The European Commission has published its annual report for 2015 of plant health interceptions carried out by EU Member States.  The data is collated from the monthly EUROPHYT on which FPC reports to members.

In 2015 there was a total of 7,180 notifications of consignments with non-conformities, indicating a slight increase from 2014.  Of these, some 6,762 were from third countries.

A total of 2,136 notifications were due to the presence of harmful organisms, down from 2,408 in 2014. Non-compliance of wood packaging material with international phytosanitary requirements and documentary problems increased during 2015, up 30% from 1,999 and 1.4% from 1,780, respectively.

Seven countries were responsible for the majority of interceptions with harmful organisms during 2015, each having more than 90 interceptions: Ghana, Uganda, Laos, Bangladesh, Kenya, Uruguay and Thailand.

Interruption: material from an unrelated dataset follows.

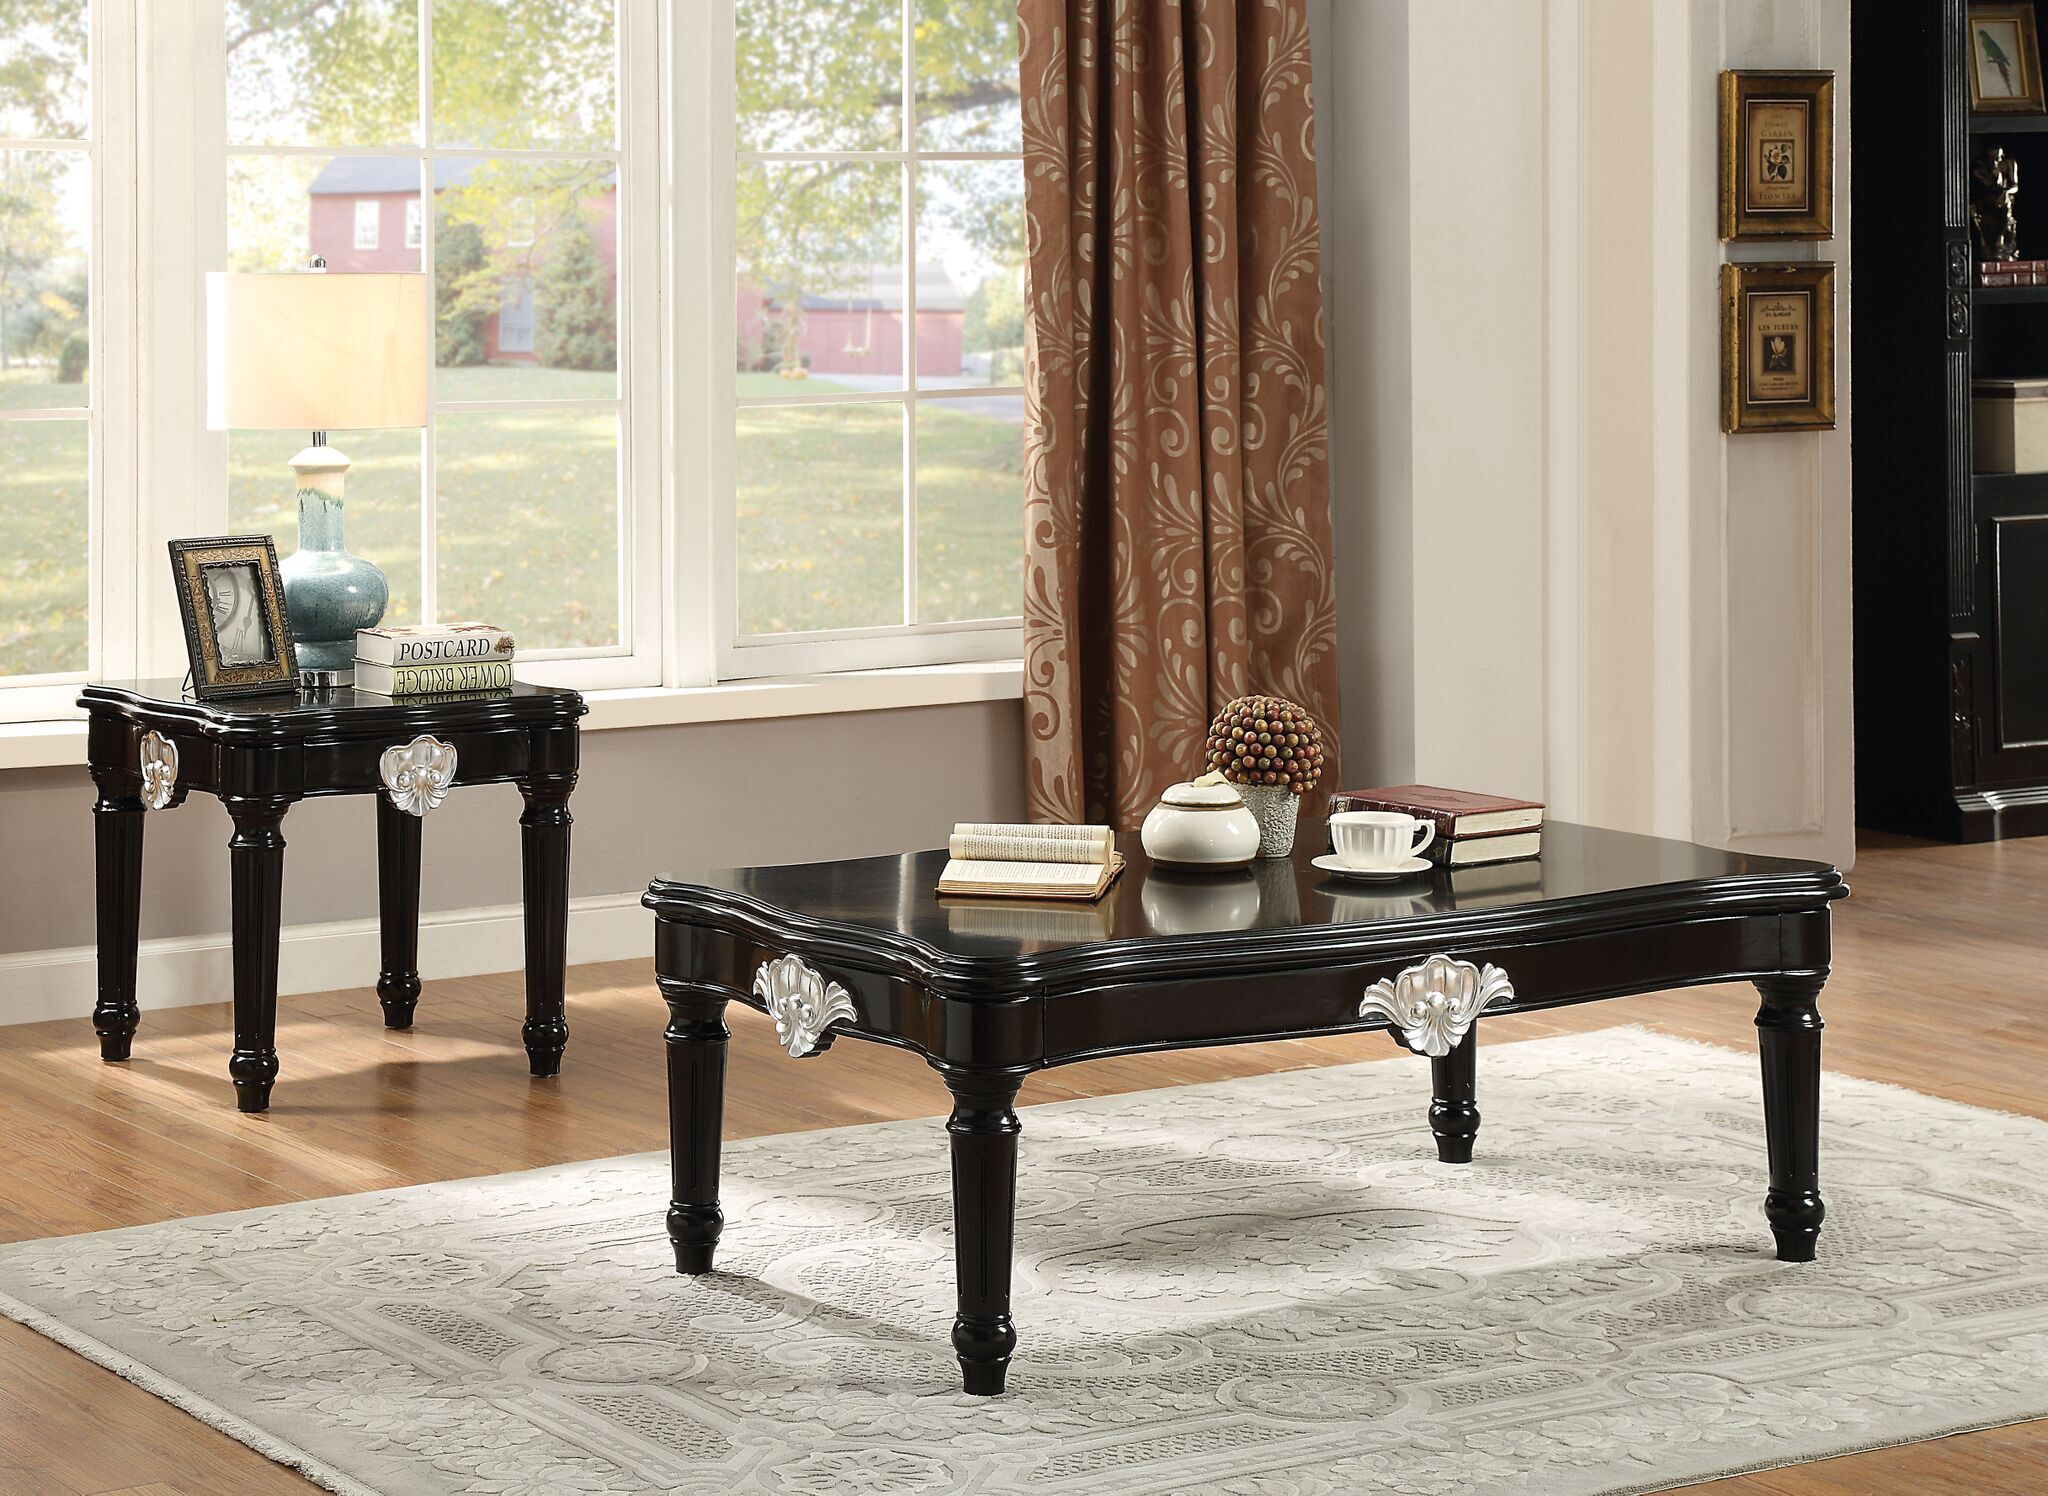 Rylance 2 Piece Rectangle Coffee Table Set

Seven commodities accounted for 68.9% of the interceptions on fruit and vegetables: peppers, citrus, mango, aubergine, basil, bitter gourds and serpent gourds. Infestations with non-European fruit flies and white flies were the most common.

Capsicum and citrus spp. both recorded a marked increase in interceptions, mostly attributable to high number of False Codling Moth interceptions, exclusively from Africa, due to the change in its regulatory status (on Capsicum) and an acute spike in interceptions of Citrus Black Spot from Uruguay.

With regard to cut flowers the most important commodities in 2015 in terms of interceptions were (in descending order): orchards, Rose spp., Gypsophila spp, Solidago spp, Eryngium spp. and Chrysanthemum spp. Leaf miners, Spodoptera spp..  Thrips spp. and Bemisia spp. continued to be the most prominent intercepted pests on cut flowers (primarily from Thailand, Israel and Morocco).